All
the Light We Cannot See by Anthony Doerr
Date:
February 21, 2016
Grade:
5-
Details:
Book Club Read
Own
/ Paperback
The
blurb:
WINNER OF THE PULITZER PRIZE
From the highly acclaimed, multiple award-winning Anthony Doerr, the beautiful, stunningly ambitious instant New York Times bestseller about a blind French girl and a German boy whose paths collide in occupied France as both try to survive the devastation of World War II.
Marie-Laure lives with her father in Paris near the Museum of Natural History, where he works as the master of its thousands of locks. When she is six, Marie-Laure goes blind and her father builds a perfect miniature of their neighborhood so she can memorize it by touch and navigate her way home. When she is twelve, the Nazis occupy Paris and father and daughter flee to the walled citadel of Saint-Malo, where Marie-Laure’s reclusive great-uncle lives in a tall house by the sea. With them they carry what might be the museum’s most valuable and dangerous jewel.
In a mining town in Germany, the orphan Werner grows up with his younger sister, enchanted by a crude radio they find. Werner becomes an expert at building and fixing these crucial new instruments, a talent that wins him a place at a brutal academy for Hitler Youth, then a special assignment to track the resistance. More and more aware of the human cost of his intelligence, Werner travels through the heart of the war and, finally, into Saint-Malo, where his story and Marie-Laure’s converge.
From the highly acclaimed, multiple award-winning Anthony Doerr, the beautiful, stunningly ambitious instant New York Times bestseller about a blind French girl and a German boy whose paths collide in occupied France as both try to survive the devastation of World War II.
Marie-Laure lives with her father in Paris near the Museum of Natural History, where he works as the master of its thousands of locks. When she is six, Marie-Laure goes blind and her father builds a perfect miniature of their neighborhood so she can memorize it by touch and navigate her way home. When she is twelve, the Nazis occupy Paris and father and daughter flee to the walled citadel of Saint-Malo, where Marie-Laure’s reclusive great-uncle lives in a tall house by the sea. With them they carry what might be the museum’s most valuable and dangerous jewel.
In a mining town in Germany, the orphan Werner grows up with his younger sister, enchanted by a crude radio they find. Werner becomes an expert at building and fixing these crucial new instruments, a talent that wins him a place at a brutal academy for Hitler Youth, then a special assignment to track the resistance. More and more aware of the human cost of his intelligence, Werner travels through the heart of the war and, finally, into Saint-Malo, where his story and Marie-Laure’s converge.
My thoughts:
If I had to give a short and personal
description of this story I’d say it is a beautiful description of the horror
and futility of war. All the Light We Cannot See
describes events during the Second World War as experienced by two youngsters,
on opposite sides of the conflict, who are victims of the times they live in.

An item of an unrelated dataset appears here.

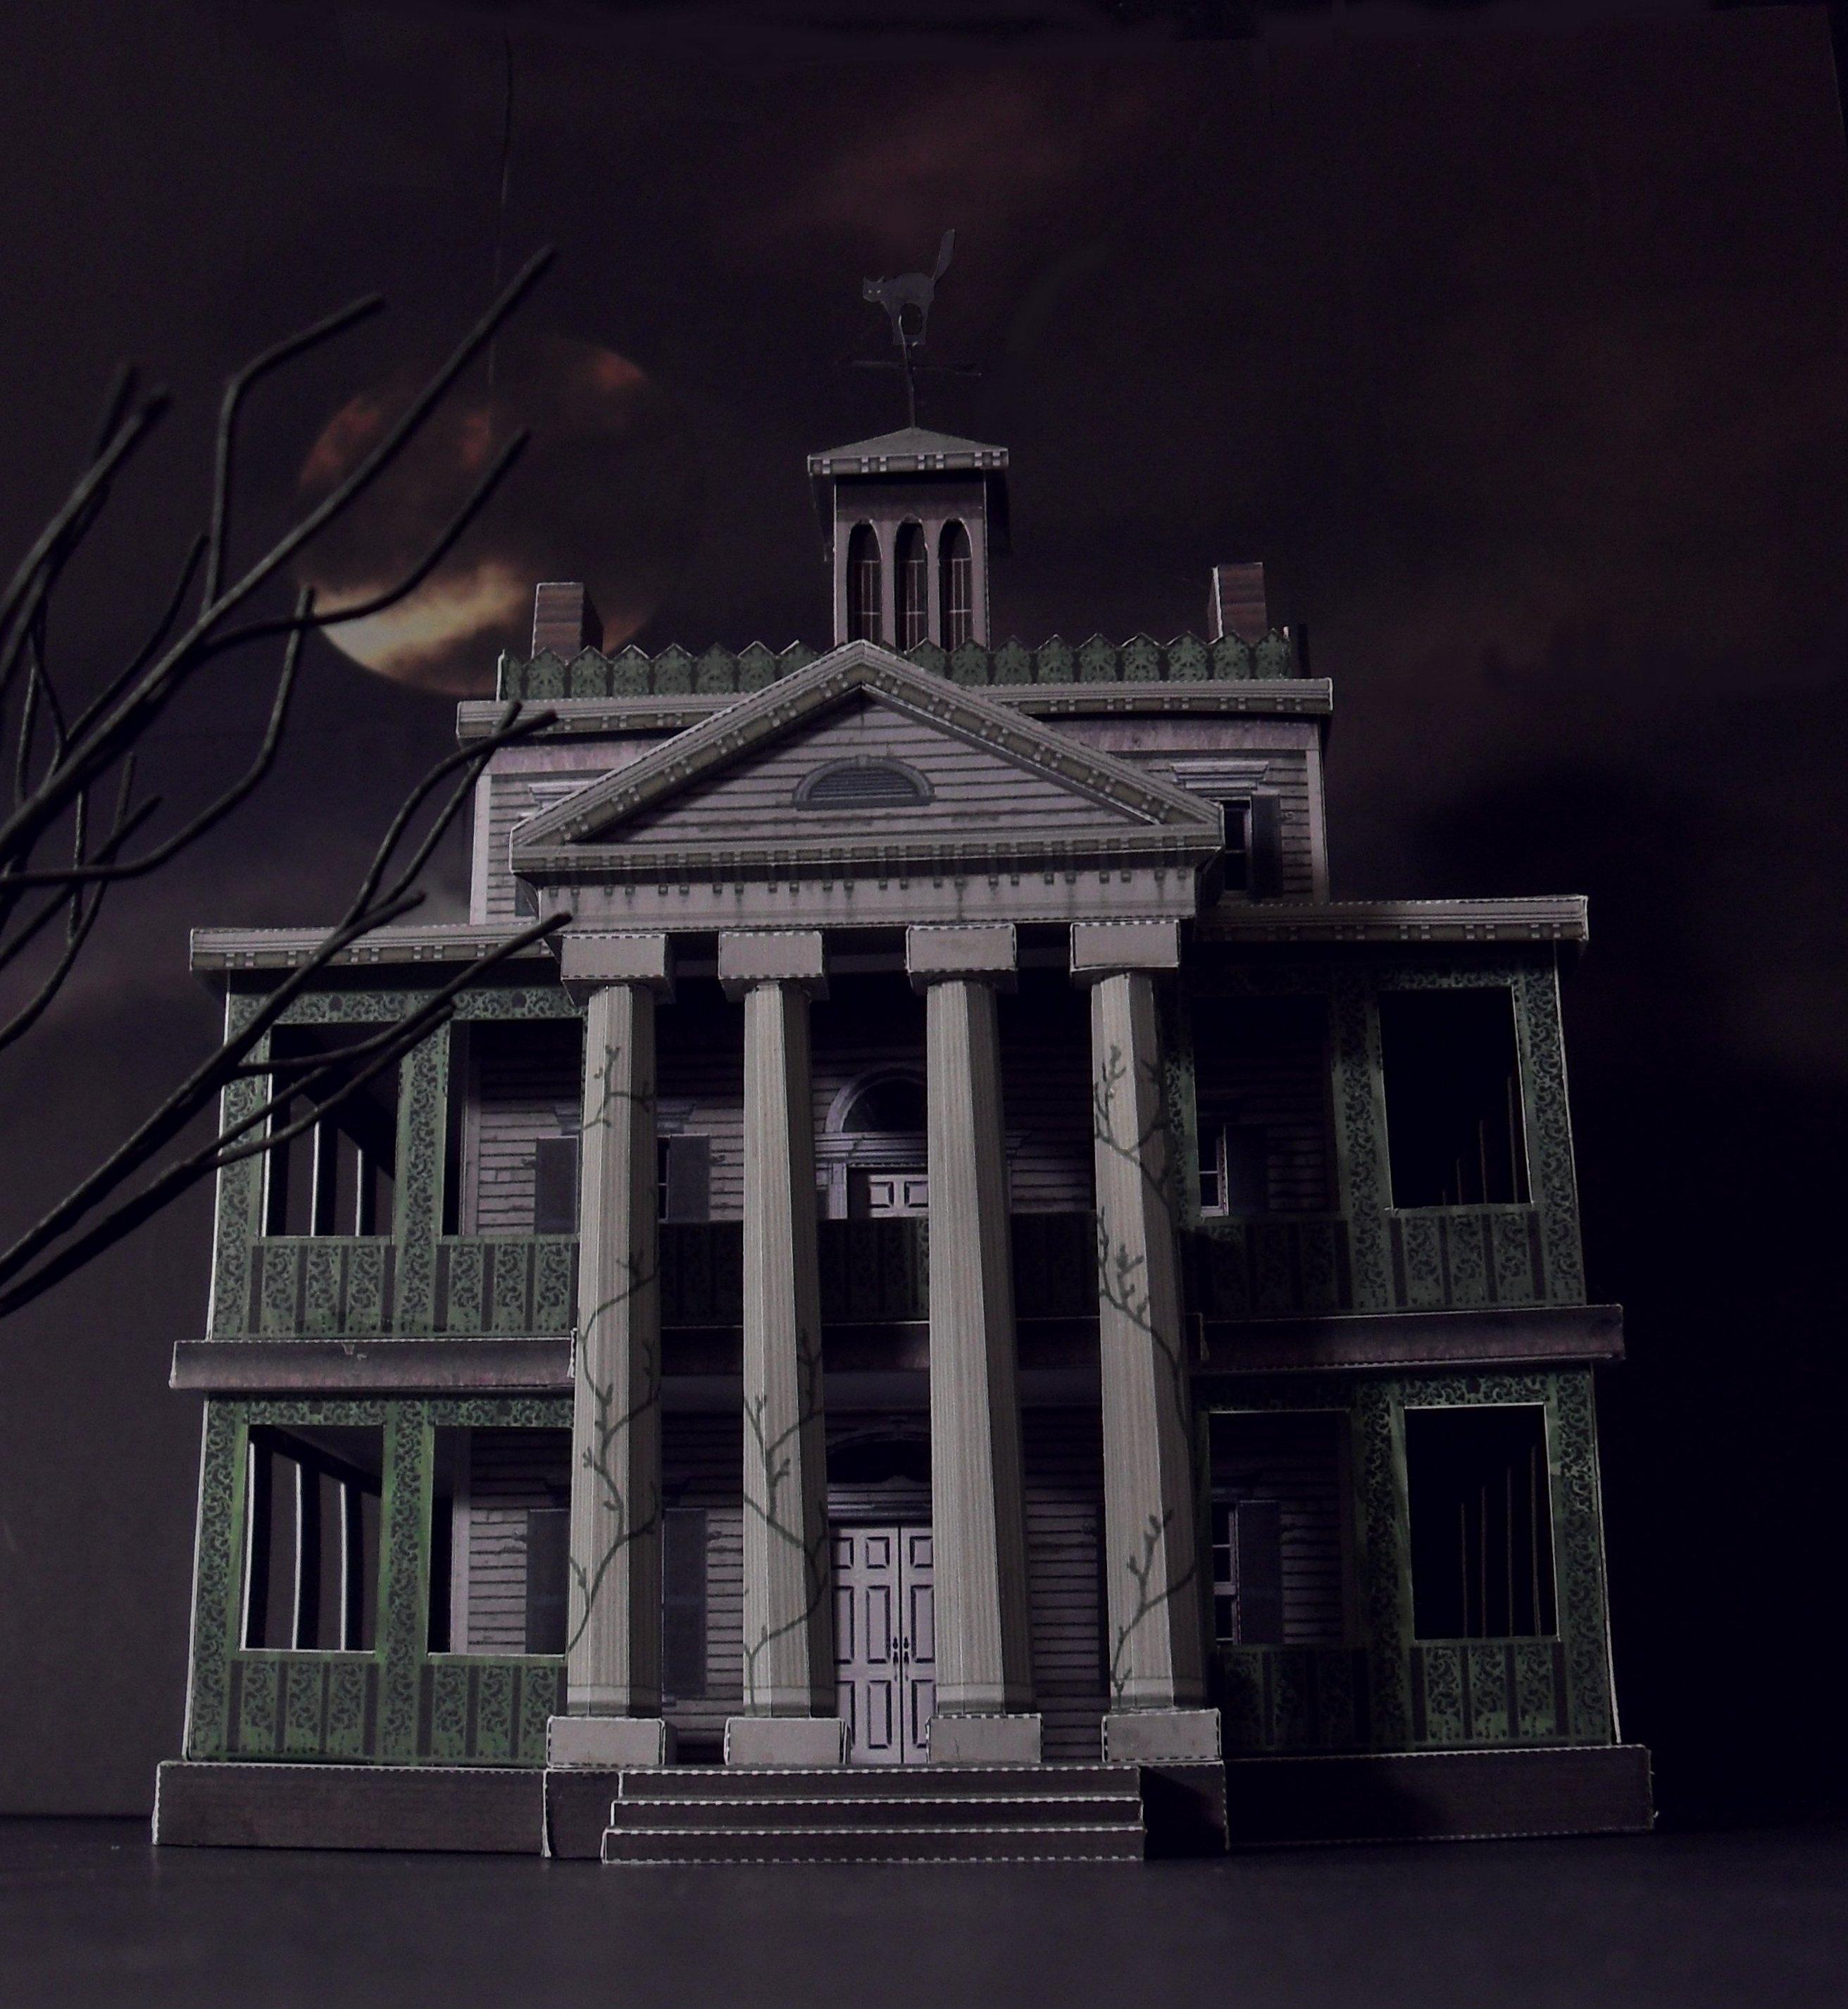 Disneys Original Ghost House By Gorto100 On DeviantArt

Neither of them is in a place or position to influence the events shaping their
lives and future and both are forced to endure horrors not of their own making.
Which is of course exactly what war does to most people who have to try and
live through one.
And yet, nothing in this book is presented as
shocking. The language used is understated and descriptive, as if the events we
are shown are only objective truths about a situation outside of ourselves.
Emotions seem to live just underneath the surface of this story. Of course it was
exactly this perceived distance between the story and the reader which drew me
in, which forced me to think long and hard, and which ensured that the story reverberated
inside me long after I had put the book down. On numerous occasions the
feelings didn’t hit me immediately upon reading certain scenes but rather after
I’d lived with the development for a while, as if they had to stew inside me
first before they erupted into their full power.
Communication was for me (one of) the major
motive(s) in this story. Because Marie-Laure is blind she depends on communication
more than a sighted person would. Werner’s knack for radios means he can learn
about the world and science in an environment which otherwise doesn’t provide
him with many opportunities to broaden his horizons. Radio broadcasts establish
a connection between these two long before they are aware of the other’s
existence and are also what bring them together eventually. It is the power of
words and the need to both hear and be heard,
which resonated strongest with me while reading this book.
This
book did remind me of The Book Thief by Markus Zusak, which happens to be one
of my favourite books ever. The similarities are more in the nuances than in
the actual story though. The feeling the story left me with was reminiscent of
the emotions I felt after finishing The Book Thief. I guess what it boils down
to is that the cruelty of war is even more blatant when you see the conflict
through the eyes of children who are ill equipped to understand the situation
they find themselves in and even less prepared to deal with it.
Overall
this was a highly imaginative, intriguing, and thought-provoking read. The
story is told in such a way that it feels gentle even while what actually
happens on the page slowly breaks your heart. Beauty and horror are depicted
side by side in such a way that they occasionally bleed into each other. This
is a book that will stay with me for a long time to come.